Data listing ->

□ □ □ □

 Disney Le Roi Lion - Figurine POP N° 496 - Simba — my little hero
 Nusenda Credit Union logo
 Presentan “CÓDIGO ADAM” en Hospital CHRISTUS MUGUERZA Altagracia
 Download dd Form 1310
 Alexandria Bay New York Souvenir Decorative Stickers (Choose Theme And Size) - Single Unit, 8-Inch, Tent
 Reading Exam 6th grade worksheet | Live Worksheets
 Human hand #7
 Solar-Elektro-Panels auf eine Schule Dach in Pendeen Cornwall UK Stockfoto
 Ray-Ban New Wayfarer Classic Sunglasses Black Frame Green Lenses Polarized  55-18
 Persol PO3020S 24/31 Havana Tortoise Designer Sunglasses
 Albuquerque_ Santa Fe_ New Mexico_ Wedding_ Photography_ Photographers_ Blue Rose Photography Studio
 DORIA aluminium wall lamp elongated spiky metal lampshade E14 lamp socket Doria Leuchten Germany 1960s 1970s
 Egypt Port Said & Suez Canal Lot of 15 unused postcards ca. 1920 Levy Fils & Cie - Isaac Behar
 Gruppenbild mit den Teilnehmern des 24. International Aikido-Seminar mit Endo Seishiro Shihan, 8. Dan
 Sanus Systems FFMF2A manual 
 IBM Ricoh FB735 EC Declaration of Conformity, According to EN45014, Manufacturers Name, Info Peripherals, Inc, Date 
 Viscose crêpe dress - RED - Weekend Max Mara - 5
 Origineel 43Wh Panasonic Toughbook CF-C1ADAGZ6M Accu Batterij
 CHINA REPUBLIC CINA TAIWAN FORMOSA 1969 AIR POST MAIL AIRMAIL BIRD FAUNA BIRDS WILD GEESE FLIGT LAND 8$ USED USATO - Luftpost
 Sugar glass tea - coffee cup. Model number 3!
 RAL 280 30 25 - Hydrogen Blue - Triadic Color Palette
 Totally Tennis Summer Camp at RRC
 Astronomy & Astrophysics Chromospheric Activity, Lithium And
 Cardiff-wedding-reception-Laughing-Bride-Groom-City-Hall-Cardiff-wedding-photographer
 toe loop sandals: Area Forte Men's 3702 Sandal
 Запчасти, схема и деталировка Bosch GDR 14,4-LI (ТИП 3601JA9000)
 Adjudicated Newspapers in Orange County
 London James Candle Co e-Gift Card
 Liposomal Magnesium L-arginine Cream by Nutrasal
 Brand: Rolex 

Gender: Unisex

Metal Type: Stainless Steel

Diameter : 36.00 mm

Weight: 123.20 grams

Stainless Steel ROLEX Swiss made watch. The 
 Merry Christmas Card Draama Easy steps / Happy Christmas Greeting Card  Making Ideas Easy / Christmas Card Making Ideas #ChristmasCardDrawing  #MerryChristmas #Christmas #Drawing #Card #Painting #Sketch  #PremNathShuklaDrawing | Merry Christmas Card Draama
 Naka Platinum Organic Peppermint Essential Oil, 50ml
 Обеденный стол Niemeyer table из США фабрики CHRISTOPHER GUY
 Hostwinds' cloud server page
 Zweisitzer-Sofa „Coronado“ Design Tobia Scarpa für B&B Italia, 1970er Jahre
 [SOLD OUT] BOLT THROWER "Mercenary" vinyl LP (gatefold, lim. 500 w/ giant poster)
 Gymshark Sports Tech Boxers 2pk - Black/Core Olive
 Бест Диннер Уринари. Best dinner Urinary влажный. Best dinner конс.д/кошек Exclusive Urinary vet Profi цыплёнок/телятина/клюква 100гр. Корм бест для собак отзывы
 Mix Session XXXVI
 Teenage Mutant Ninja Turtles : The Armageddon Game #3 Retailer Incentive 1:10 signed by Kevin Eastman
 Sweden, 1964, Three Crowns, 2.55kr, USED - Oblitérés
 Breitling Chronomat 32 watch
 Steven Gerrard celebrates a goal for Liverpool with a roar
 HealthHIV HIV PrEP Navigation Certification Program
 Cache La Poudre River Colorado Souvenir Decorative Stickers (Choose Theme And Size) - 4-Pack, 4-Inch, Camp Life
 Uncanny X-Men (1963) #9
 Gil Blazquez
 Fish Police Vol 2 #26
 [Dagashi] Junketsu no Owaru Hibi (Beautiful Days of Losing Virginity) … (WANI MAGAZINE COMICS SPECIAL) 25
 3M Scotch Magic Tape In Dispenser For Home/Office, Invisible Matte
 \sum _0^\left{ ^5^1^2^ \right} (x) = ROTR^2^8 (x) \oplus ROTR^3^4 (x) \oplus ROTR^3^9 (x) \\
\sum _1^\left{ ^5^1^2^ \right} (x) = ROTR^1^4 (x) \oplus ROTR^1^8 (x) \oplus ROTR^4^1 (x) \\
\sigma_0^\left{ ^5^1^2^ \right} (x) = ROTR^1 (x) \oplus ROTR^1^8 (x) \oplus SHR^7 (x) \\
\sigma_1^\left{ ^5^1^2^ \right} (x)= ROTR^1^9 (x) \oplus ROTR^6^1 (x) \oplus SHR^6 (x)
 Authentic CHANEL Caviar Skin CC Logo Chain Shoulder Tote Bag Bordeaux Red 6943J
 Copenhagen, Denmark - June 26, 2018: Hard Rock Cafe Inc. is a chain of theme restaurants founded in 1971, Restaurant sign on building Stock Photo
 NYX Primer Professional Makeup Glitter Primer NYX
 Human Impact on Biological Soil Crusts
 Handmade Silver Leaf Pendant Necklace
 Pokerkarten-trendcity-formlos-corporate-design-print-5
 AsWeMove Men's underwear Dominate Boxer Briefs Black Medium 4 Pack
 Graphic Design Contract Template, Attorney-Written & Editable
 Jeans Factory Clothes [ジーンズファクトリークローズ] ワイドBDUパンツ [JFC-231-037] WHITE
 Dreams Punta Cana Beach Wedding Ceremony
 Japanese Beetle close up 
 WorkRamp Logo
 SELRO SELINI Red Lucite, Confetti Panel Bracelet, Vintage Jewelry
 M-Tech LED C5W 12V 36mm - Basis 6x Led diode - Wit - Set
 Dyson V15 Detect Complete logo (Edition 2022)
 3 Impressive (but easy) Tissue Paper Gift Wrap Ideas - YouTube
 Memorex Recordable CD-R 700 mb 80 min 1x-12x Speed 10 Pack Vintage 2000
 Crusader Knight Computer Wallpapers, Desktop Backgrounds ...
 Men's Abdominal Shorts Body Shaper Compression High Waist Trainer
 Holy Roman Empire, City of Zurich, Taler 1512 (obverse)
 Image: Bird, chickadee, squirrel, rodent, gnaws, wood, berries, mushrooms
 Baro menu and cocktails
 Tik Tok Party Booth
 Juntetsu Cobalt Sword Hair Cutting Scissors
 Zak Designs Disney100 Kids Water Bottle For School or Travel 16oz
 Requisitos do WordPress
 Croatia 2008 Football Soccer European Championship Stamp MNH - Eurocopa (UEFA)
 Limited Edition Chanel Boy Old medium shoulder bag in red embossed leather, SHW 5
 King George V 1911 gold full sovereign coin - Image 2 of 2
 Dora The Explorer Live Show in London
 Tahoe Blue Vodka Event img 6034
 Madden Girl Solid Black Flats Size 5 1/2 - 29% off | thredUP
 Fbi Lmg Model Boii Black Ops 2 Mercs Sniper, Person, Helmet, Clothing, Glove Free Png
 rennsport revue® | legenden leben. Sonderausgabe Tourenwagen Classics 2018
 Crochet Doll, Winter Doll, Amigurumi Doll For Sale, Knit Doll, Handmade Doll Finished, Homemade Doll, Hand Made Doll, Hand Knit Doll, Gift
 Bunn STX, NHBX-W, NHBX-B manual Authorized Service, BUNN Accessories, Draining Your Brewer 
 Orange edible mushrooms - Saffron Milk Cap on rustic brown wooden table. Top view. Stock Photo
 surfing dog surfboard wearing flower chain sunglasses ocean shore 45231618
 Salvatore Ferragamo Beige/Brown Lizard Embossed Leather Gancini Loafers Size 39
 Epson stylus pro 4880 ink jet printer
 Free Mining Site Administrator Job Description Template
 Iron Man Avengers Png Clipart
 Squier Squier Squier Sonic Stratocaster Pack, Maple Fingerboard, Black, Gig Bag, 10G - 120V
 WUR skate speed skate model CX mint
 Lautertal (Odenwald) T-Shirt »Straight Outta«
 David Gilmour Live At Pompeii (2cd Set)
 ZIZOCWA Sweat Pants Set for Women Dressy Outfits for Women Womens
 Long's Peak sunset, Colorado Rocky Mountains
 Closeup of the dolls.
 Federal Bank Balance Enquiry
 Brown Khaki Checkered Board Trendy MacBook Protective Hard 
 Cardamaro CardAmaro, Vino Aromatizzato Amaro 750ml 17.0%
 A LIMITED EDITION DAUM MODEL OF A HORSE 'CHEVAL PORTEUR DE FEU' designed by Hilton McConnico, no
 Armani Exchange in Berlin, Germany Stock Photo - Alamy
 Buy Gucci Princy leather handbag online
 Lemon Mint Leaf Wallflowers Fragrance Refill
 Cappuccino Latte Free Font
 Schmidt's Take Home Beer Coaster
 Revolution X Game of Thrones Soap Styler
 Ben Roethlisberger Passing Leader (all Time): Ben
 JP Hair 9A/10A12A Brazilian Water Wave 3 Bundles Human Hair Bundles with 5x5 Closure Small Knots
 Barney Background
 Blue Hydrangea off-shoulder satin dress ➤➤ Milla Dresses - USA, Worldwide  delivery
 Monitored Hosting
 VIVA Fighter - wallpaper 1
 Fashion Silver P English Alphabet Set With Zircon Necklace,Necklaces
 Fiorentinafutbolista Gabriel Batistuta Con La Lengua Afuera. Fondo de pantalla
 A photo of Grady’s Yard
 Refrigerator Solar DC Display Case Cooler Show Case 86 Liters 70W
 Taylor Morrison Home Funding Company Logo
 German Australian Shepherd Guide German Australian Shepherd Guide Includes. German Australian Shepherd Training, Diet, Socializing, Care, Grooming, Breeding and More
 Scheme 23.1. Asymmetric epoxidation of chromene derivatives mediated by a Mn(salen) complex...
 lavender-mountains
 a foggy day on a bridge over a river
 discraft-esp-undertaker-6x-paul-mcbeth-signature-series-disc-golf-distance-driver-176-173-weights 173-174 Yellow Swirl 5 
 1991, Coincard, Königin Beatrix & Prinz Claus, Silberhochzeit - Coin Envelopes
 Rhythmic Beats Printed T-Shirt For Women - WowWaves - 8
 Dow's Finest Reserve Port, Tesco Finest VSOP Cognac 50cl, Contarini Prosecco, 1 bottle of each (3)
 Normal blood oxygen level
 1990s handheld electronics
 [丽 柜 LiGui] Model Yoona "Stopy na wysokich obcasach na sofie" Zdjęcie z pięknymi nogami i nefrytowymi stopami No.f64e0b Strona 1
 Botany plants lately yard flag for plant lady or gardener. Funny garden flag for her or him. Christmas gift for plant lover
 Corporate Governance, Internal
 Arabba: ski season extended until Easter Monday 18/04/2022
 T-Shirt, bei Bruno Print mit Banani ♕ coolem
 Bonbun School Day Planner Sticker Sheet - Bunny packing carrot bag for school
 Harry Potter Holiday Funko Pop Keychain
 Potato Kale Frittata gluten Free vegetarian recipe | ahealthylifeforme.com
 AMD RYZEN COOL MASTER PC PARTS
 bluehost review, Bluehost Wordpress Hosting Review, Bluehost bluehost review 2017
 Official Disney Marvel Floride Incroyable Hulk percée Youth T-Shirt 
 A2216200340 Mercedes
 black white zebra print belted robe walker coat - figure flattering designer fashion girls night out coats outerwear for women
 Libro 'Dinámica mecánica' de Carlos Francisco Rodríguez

□ □ □ □

About this task -> Please output, exactly, the lines of the listing from the one containing "Corporate Governance, Internal" through the last, inclusive, and no other lines.

Solution to this problem ->
 Corporate Governance, Internal
 Arabba: ski season extended until Easter Monday 18/04/2022
 T-Shirt, bei Bruno Print mit Banani ♕ coolem
 Bonbun School Day Planner Sticker Sheet - Bunny packing carrot bag for school
 Harry Potter Holiday Funko Pop Keychain
 Potato Kale Frittata gluten Free vegetarian recipe | ahealthylifeforme.com
 AMD RYZEN COOL MASTER PC PARTS
 bluehost review, Bluehost Wordpress Hosting Review, Bluehost bluehost review 2017
 Official Disney Marvel Floride Incroyable Hulk percée Youth T-Shirt 
 A2216200340 Mercedes
 black white zebra print belted robe walker coat - figure flattering designer fashion girls night out coats outerwear for women
 Libro 'Dinámica mecánica' de Carlos Francisco Rodríguez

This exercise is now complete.